> WHAT THE TASK ASKS
Using the records below, copy exactly the part that opens with the line holding "Lauren and her mom" and closes with the line holding "Le Belmond Andean", minus the pictures.

> EXTRACTED MATERIAL
= = = = = = =

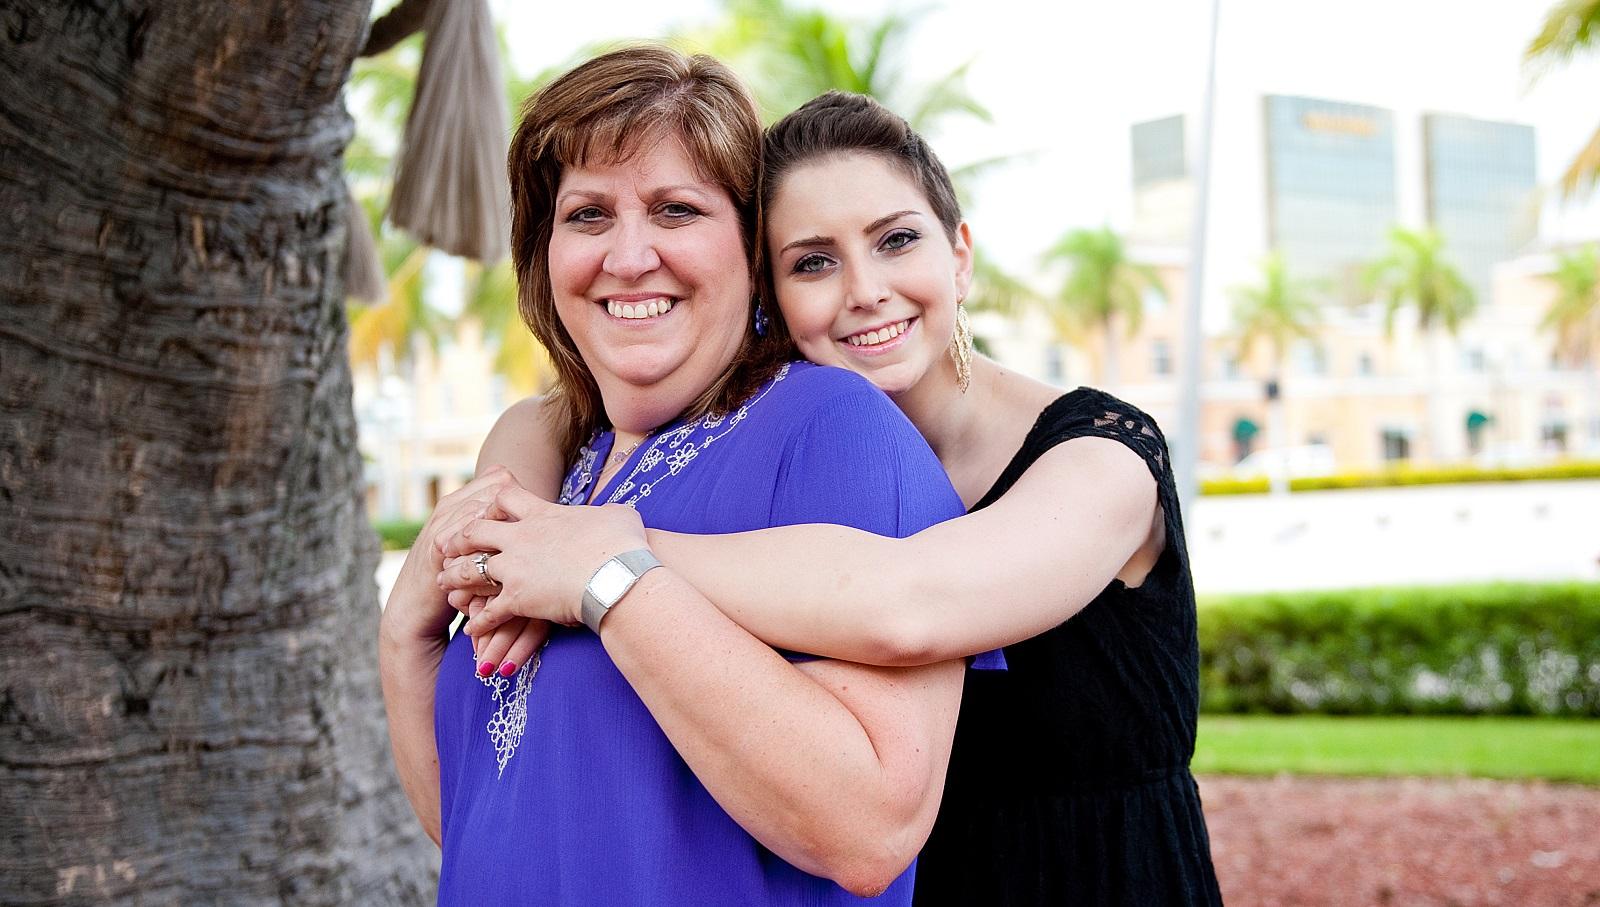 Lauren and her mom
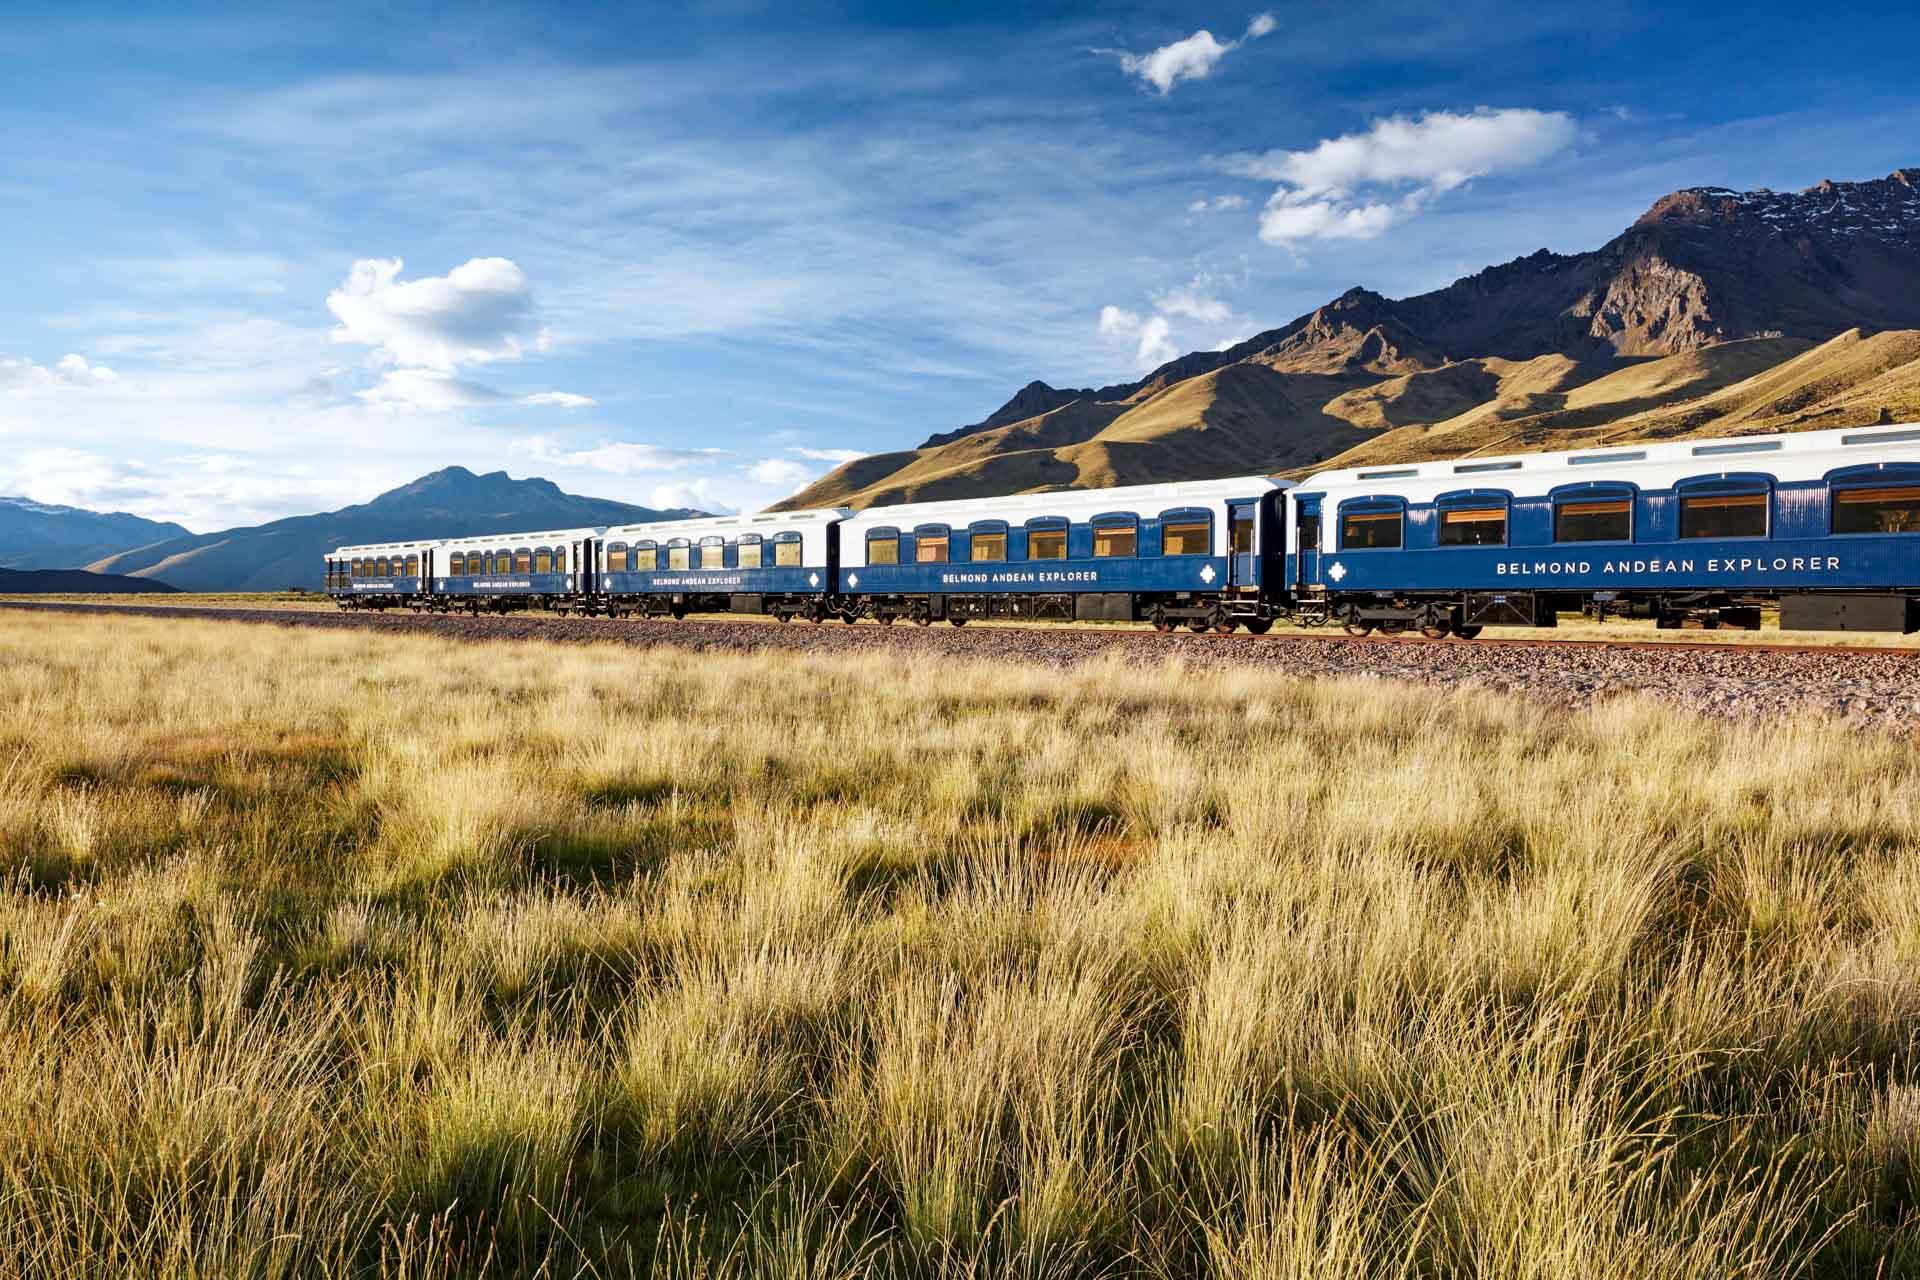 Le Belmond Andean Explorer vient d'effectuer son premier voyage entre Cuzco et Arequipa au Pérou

= = = = = = =

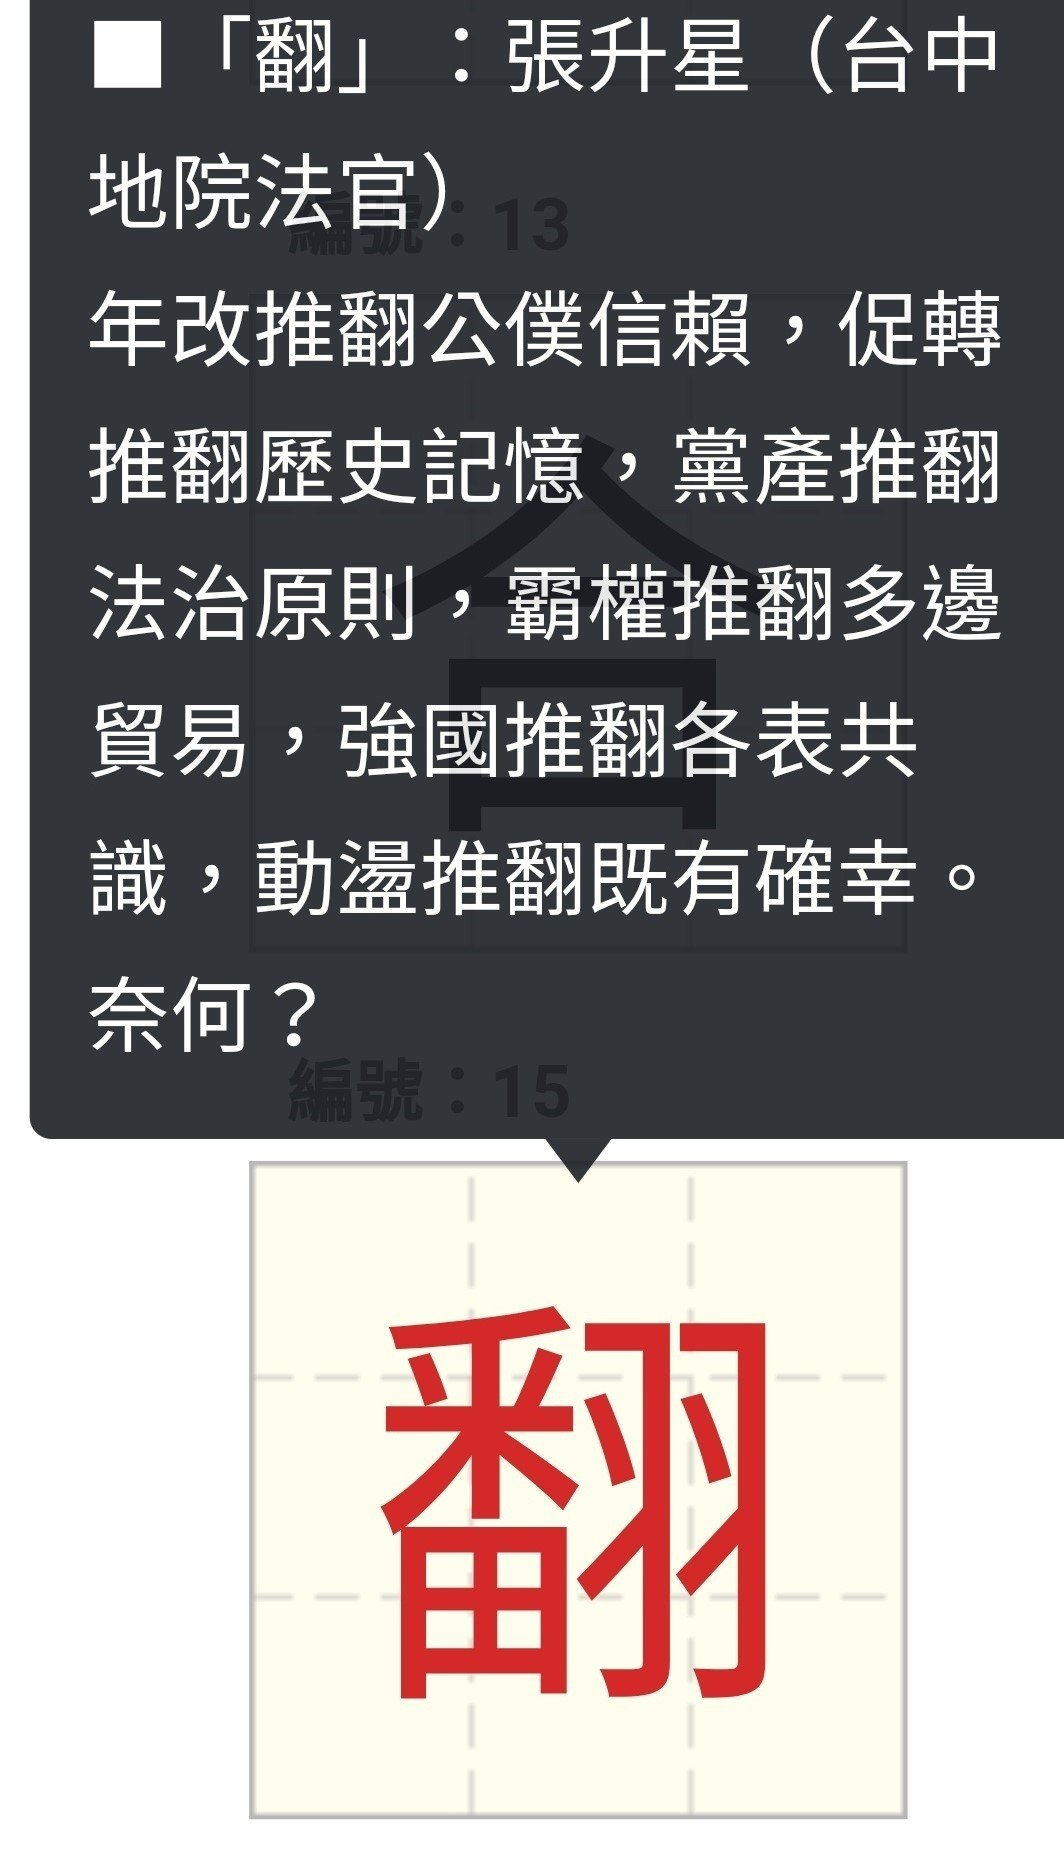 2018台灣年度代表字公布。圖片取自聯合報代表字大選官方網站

= = = = = = =

> EXERCISE SOLUTION
 Lauren and her mom
 Le Belmond Andean Explorer vient d'effectuer son premier voyage entre Cuzco et Arequipa au Pérou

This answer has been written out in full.